Iteration, linear function. convergence and divergence

[janewaybos]

Homework Statement

I need to understand and prove the following: That if a>1 the function diverges, except for a special case x_0= b/(1-a). Then if a=-1 diverges for some cases and converges if x_0 is b/2. Again, not to clear on this.

Homework Equations

lim n →∞ a^n(x_0+b/(a-1))-b/(a-1)

The Attempt at a Solution

For a>1, then we just need to look at x_0 and b/(a-1)? If x_0 > b/(a-1), then this is + and still diverges, then we rely on -b/(a-1)? I am kind of confused and any help would be appreciated.

 

[Mark44]

Homework Statement

MOD Note: Is this your limit? What you wrote is hard to understand.
$$\lim_{n \to \infty} a^n \left(x_0 + \frac{b}{a - 1}\right) - \frac{b}{a - 1}$$

I need to understand and prove the following: That if a>1 the function diverges, except for a special case x_0= b/(1-a).

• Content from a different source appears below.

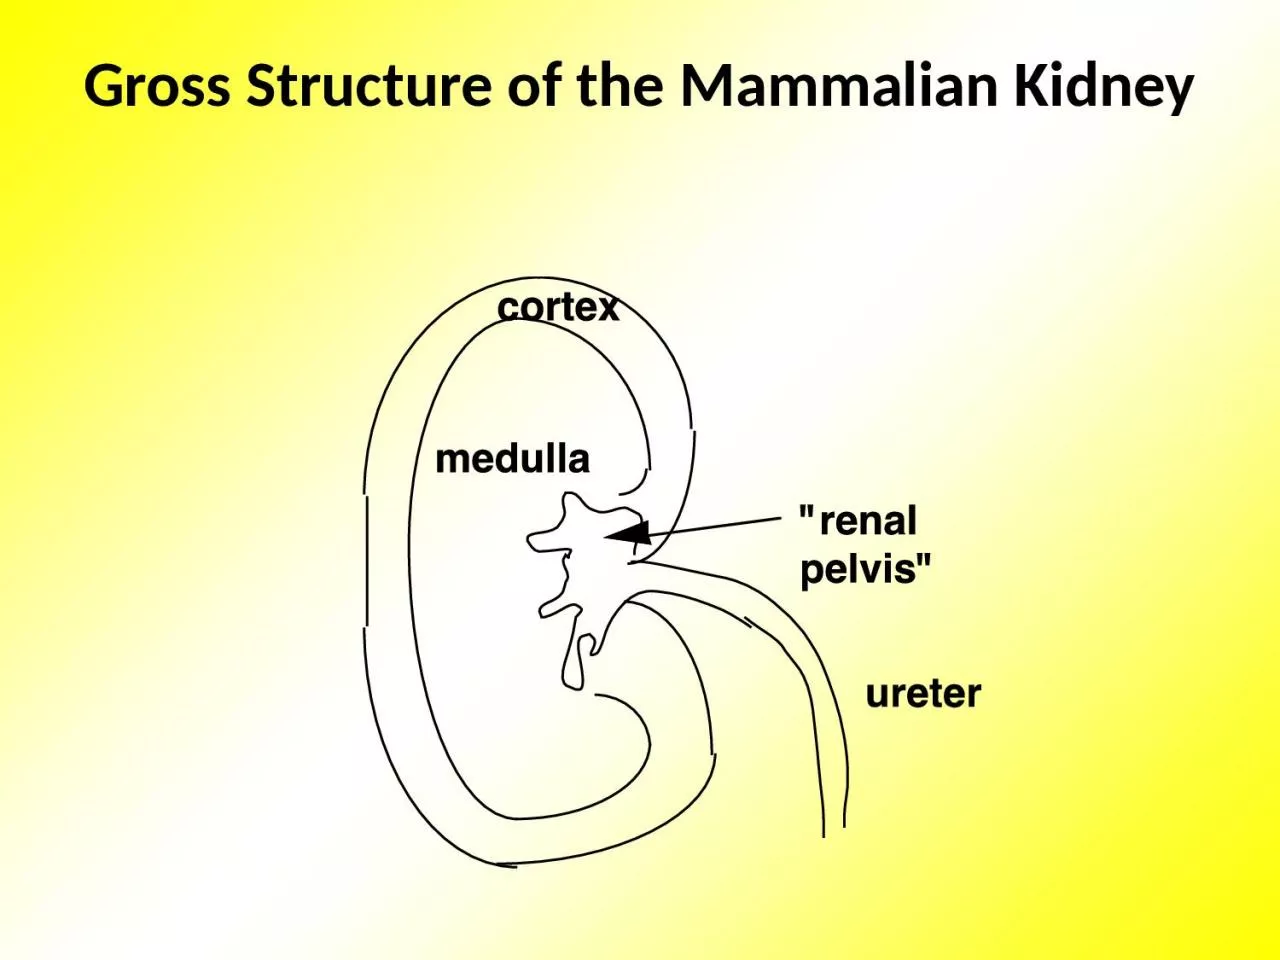 Gross Structure of the Mammalian Kidney

Then if a=-1 diverges for some cases and converges if x_0 is b/2. Again, not to clear on this.

Homework Equations

lim n →∞ a^n(x_0+b/(a-1))-b/(a-1)

The Attempt at a Solution

For a>1, then we just need to look at x_0 and b/(a-1)? If x_0 > b/(a-1), then this is + and still diverges, then we rely on -b/(a-1)? I am kind of confused and any help would be appreciated.

 

[janewaybos]

Yes.

 

[HallsofIvy]

? For a equal to 1 you have $a^n= 1$ so the two fractions cancel, but not a not equal to 1.